Good news, on the face of it maybe, for a place like Swindon – and we might rub our hands with glee...

But the reality is, with much of the country to the southeast of us at risk of being negatively affected, I’m not so sure we can trust this to pan out the way that news outlets have currently framed things. My suspicion is – unfortunately – that we need to wait and see what more develops from this conversation.

 

Final Thoughts

For now, nothing is set in stone. The Chancellor is under pressure to balance the books and stimulate growth, and property tax is a tempting lever to pull.

But reforms of this scale are complicated, politically sensitive, and take time to implement.

What’s certain is that homeowners, buyers, sellers and, not least, we ourselves at The House Group, will all be watching closely.

If changes are announced in the next Budget – and my suspicion is that it may be a little too soon to expect a wholesale change of such a nature, but, we’ll see – they could reshape how we think about the cost of moving and the responsibilities of ownership.

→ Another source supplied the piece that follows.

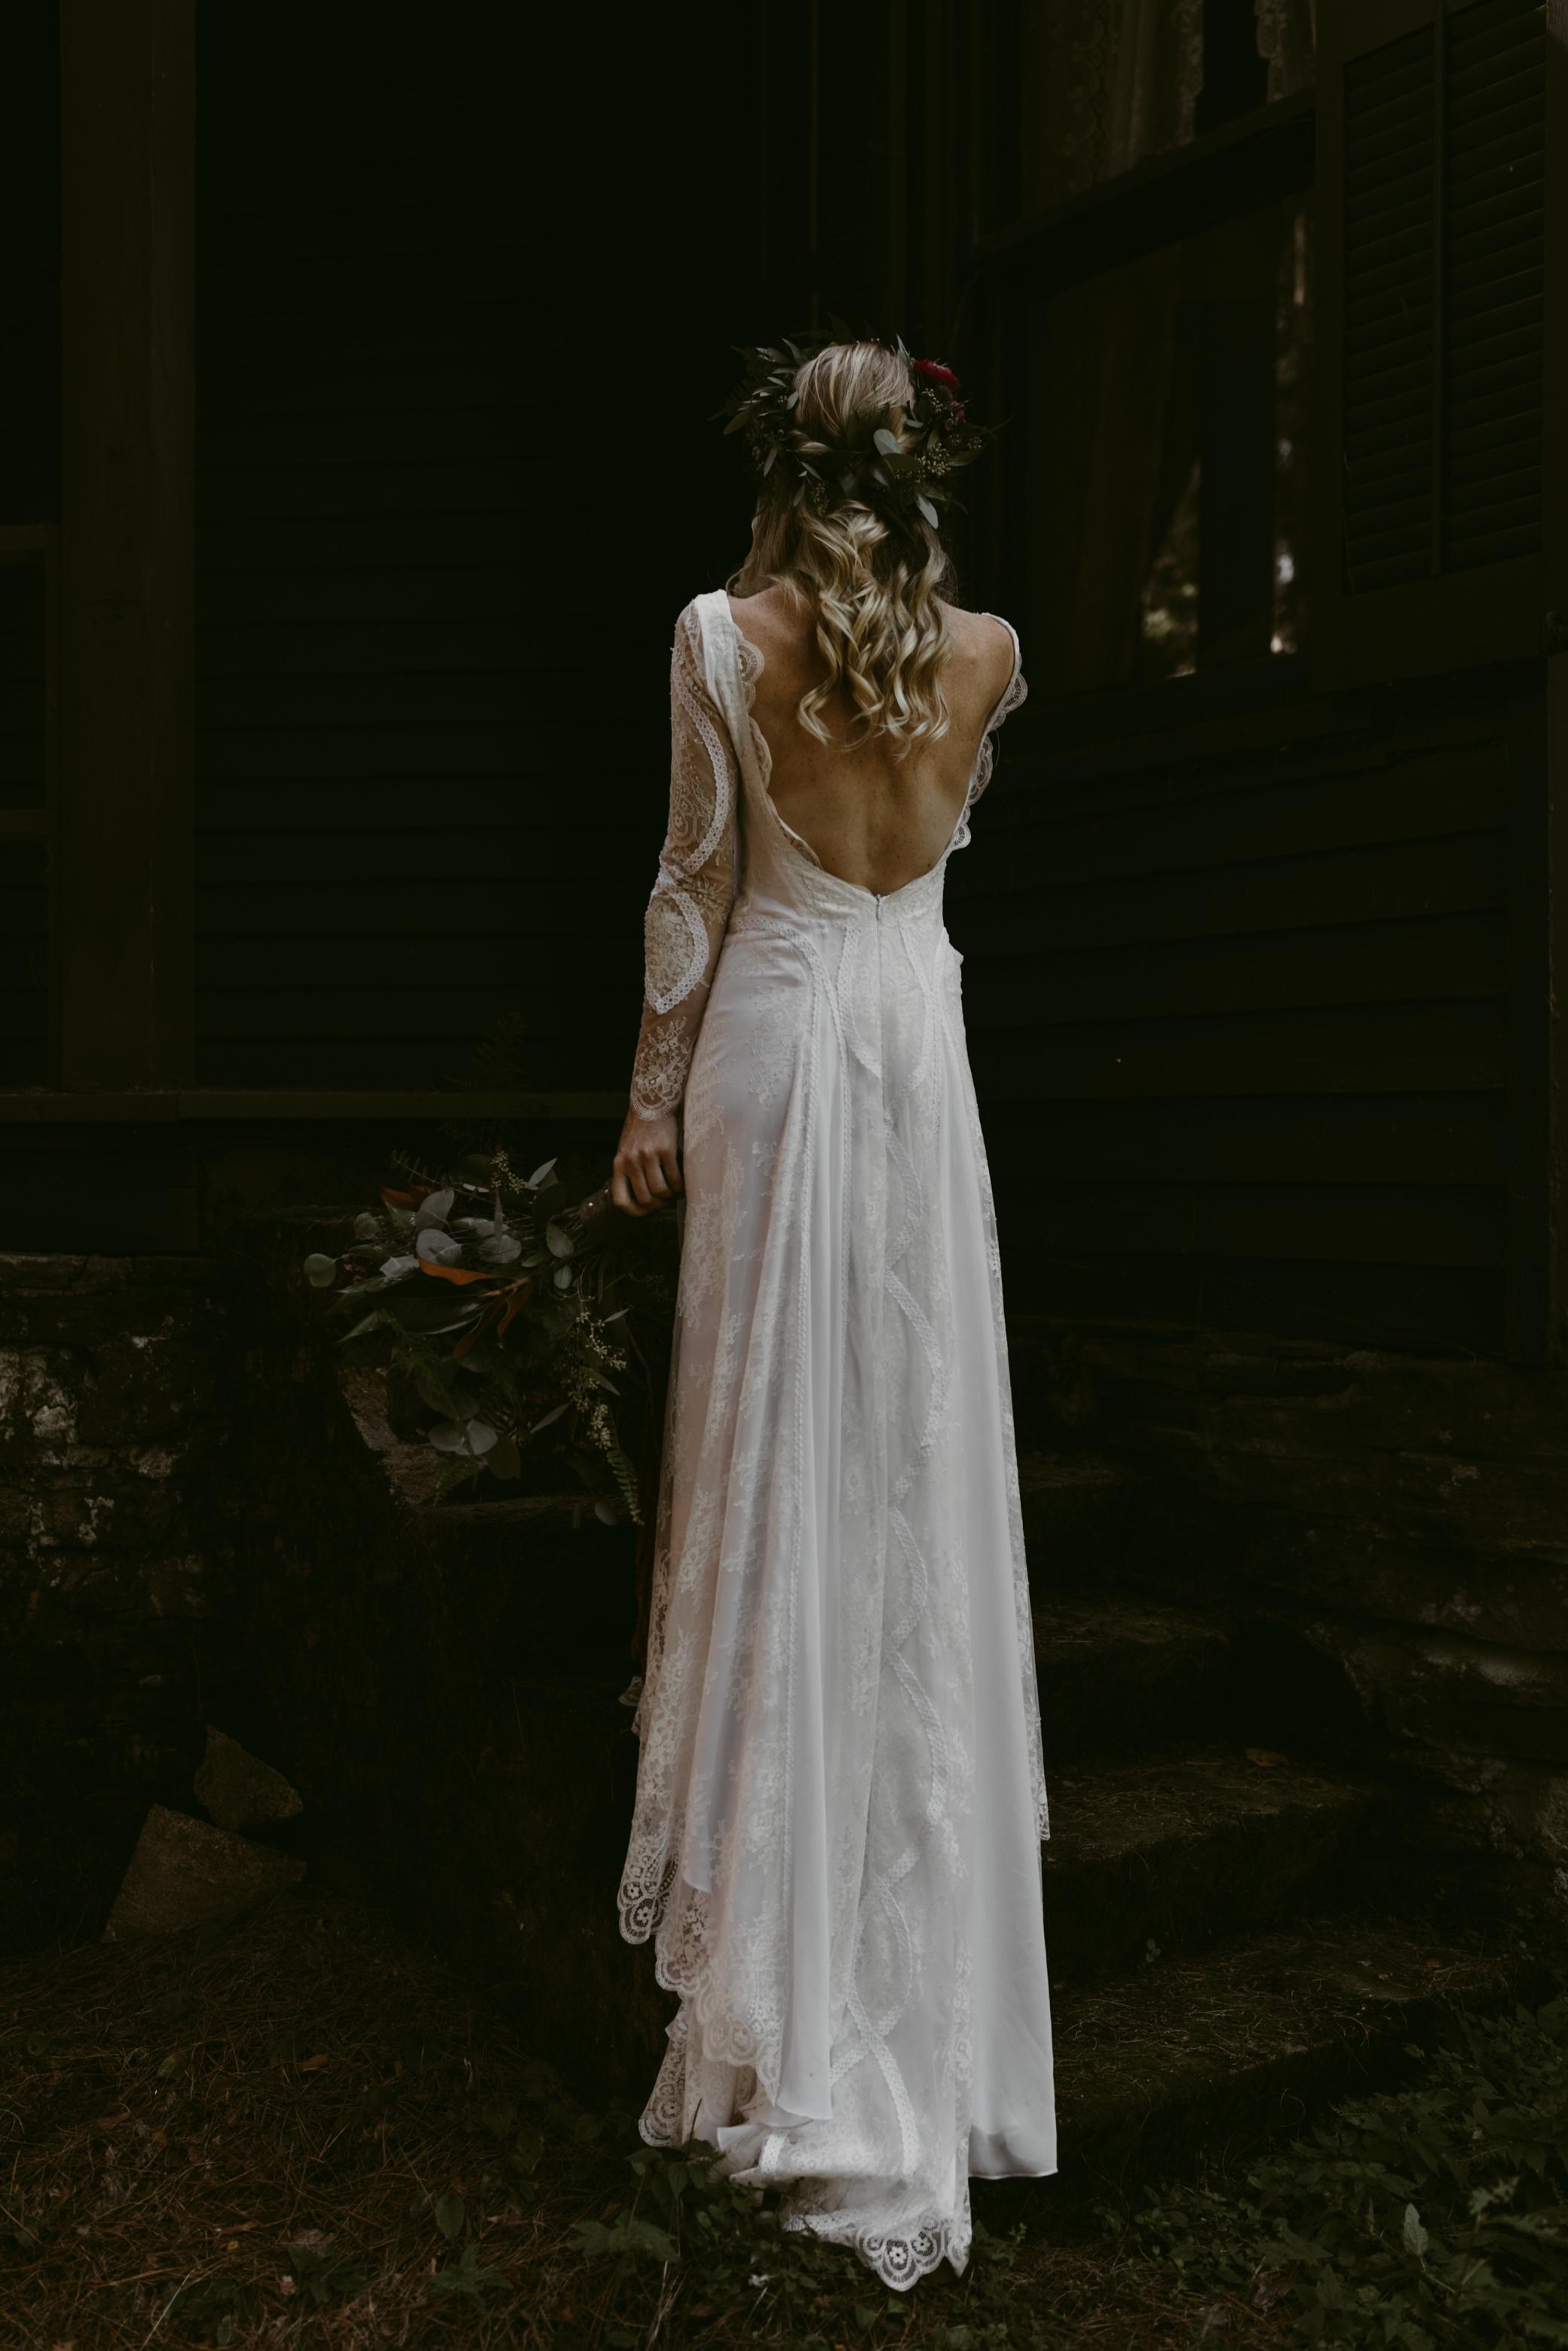 053_Huntsville Wedding  (203 of 689)_Wedding_photographer_Huntsville.jpg

For anyone considering a move, our message right now is: stay informed, keep an eye on developments, and take advice when the time comes. Stay tuned to our blog and our social media for further updates, and if you’d like to talk more, please do give us a call.

 

Frequently Asked Questions

Will stamp duty be scrapped in 2025?
At this stage, it seems unlikely, with the Budget only two months away – but not impossible. The Chancellor has asked Treasury officials to review how property is taxed, and scrapping or reforming stamp duty is one of the options on the table. But nothing has been announced yet, and any major changes would likely take time to implement. For now, buyers should certainly expect the current stamp duty system to remain in place until further details are confirmed in the Budget – and even if announced, the lead time for implementation is likely to be months away.

How would property tax reform affect homeowners in Swindon?
If reforms target higher-value homes, London and the South-East could be disproportionately affected, whilst other parts of the country, including Swindon, could feel a sense of tax relief. Only around 24% of properties in England worth over £500,000 are found outside of London and the South-East, so any new recurring property taxes on more expensive properties would fall more heavily on London and South-East households. In practical terms, if stamp duty is scrapped, yes it could mean lower upfront costs when buying in Swindon, but it may mean higher annual bills for homeowners in London to balance the books – which might push some homeowners there to sell up and look for properties in areas like Swindon that fall below the £500,000 threshold whilst offering easy access into London. Nevertheless, it is unlikely to lead to a mass exodus of London and South-East residents to lower value parts of the country.